• Data provided
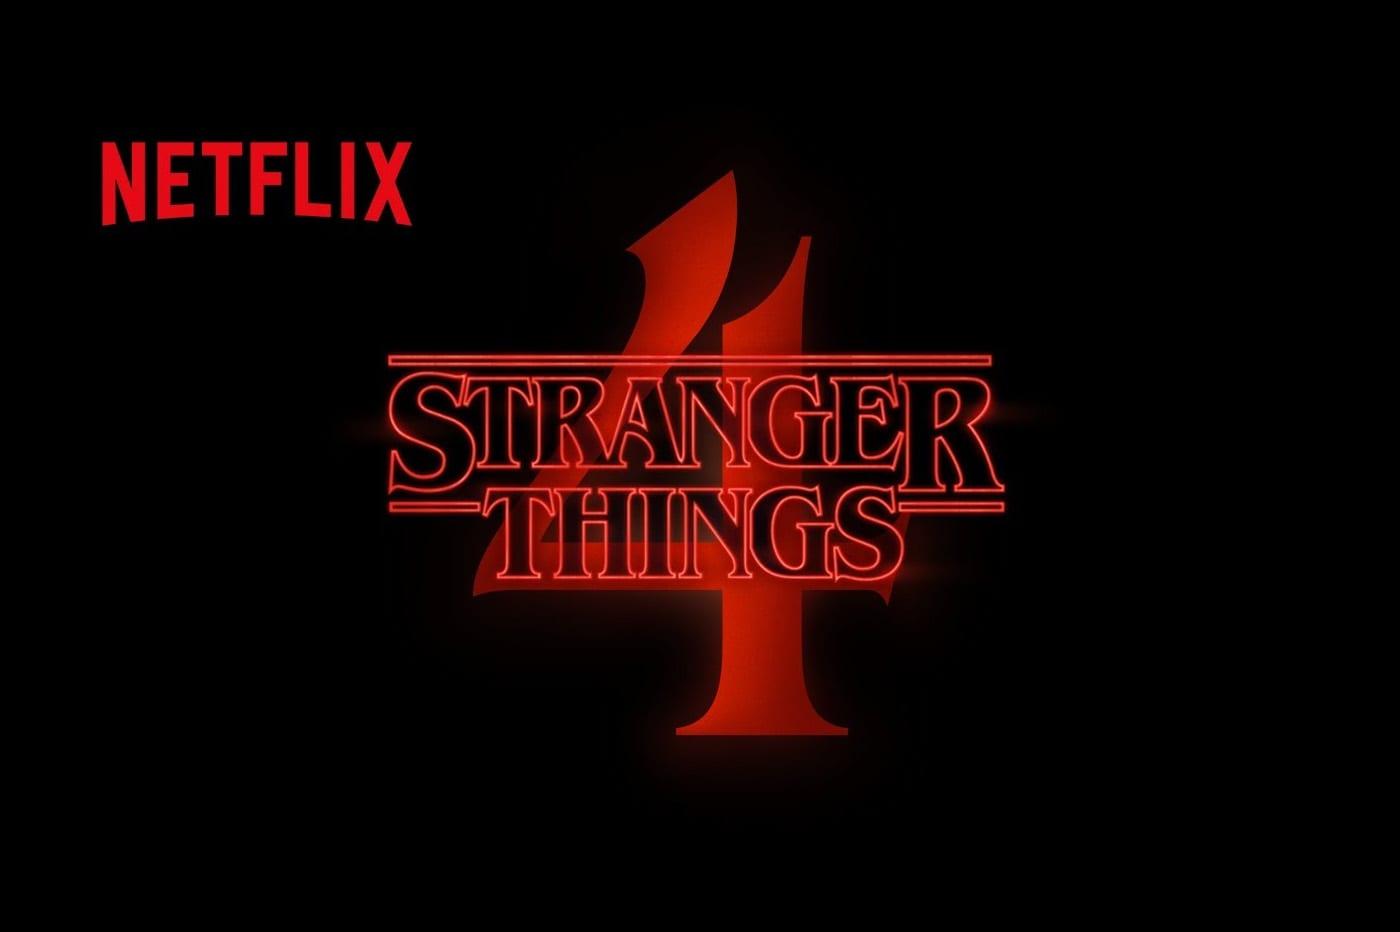 TOUT CE QUE L'ON SAIT DÉJÀ SUR LA SAISON 4, La série Stranger Things
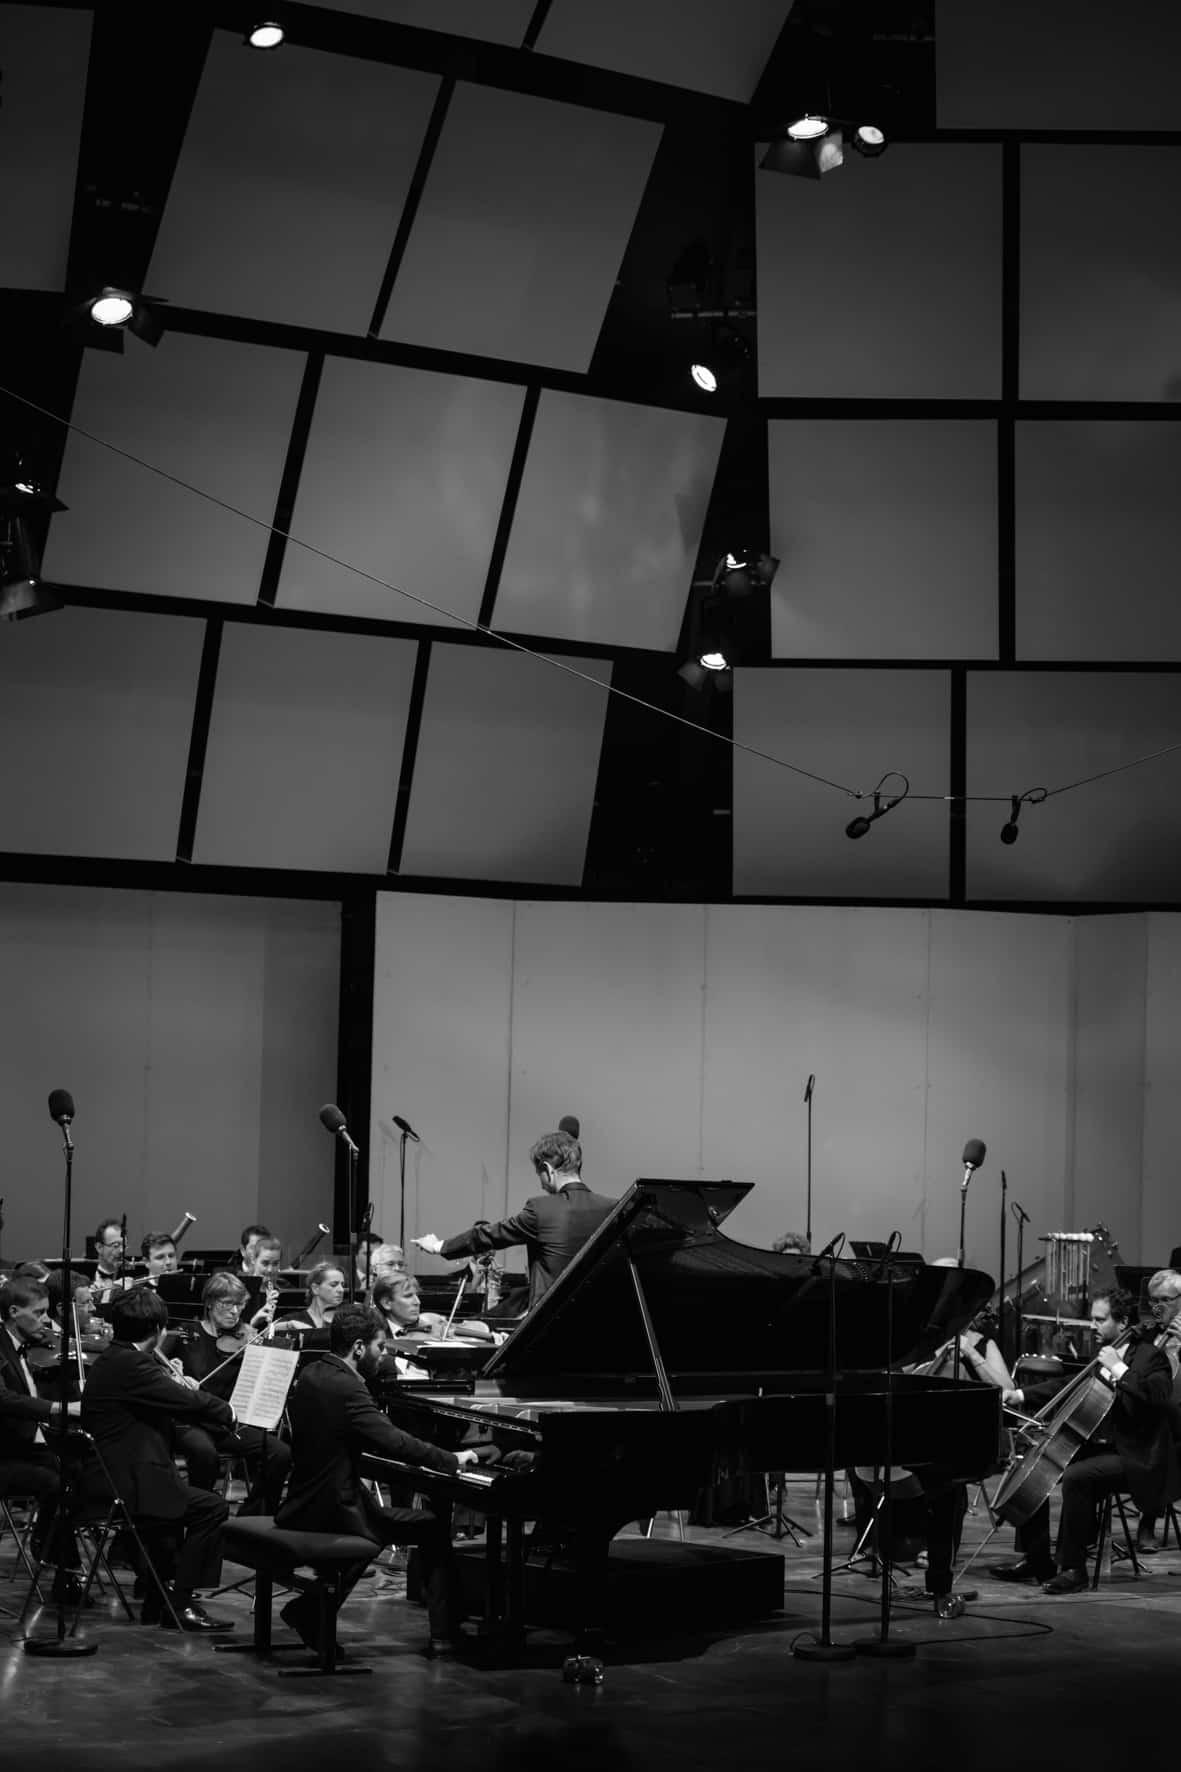 Concert 20 juillet 2019 - Festival de la Roque d'Anthéron - @Christophe GREMIOT
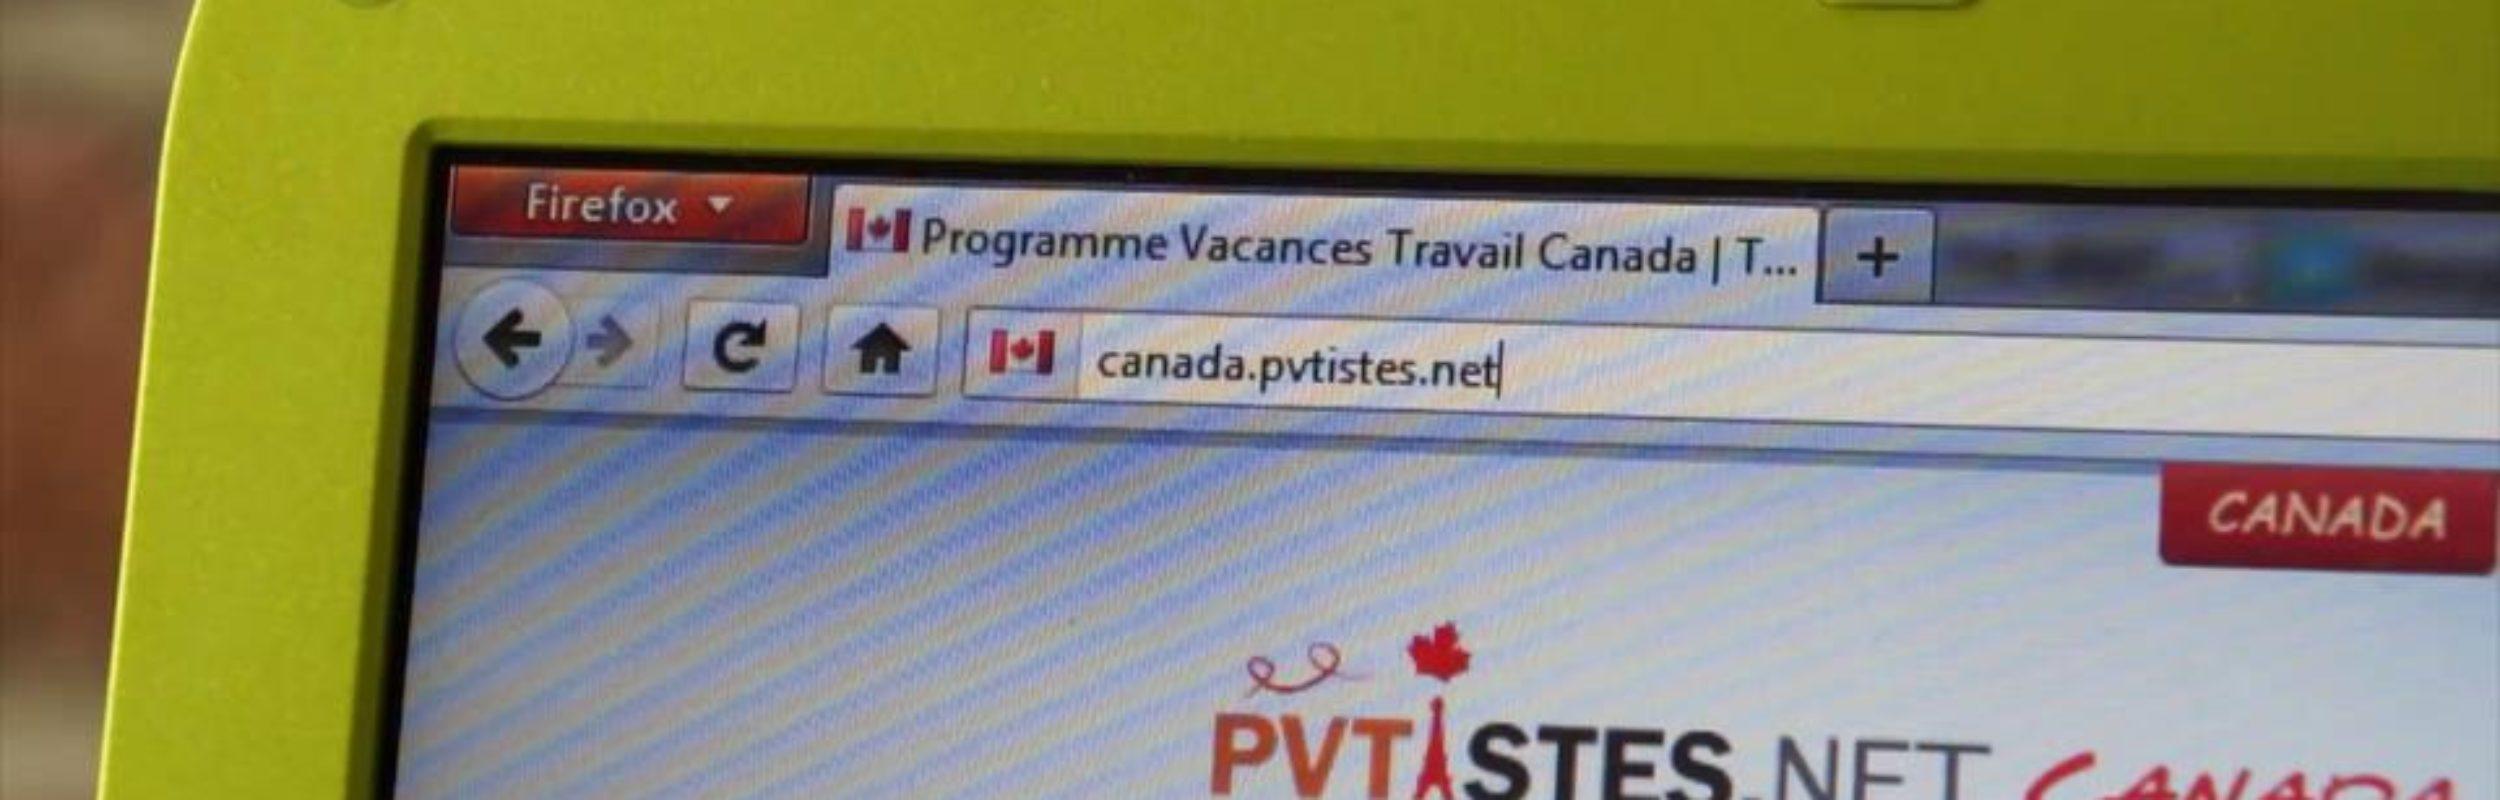 Les conseils de Béné la Malice 1 : Préparer son PVT Canada

• Task requirements
Please copy the data shown above, line by line and exactly, omitting the images.

• Answer for the task
 TOUT CE QUE L'ON SAIT DÉJÀ SUR LA SAISON 4, La série Stranger Things
 Concert 20 juillet 2019 - Festival de la Roque d'Anthéron - @Christophe GREMIOT
 Les conseils de Béné la Malice 1 : Préparer son PVT Canada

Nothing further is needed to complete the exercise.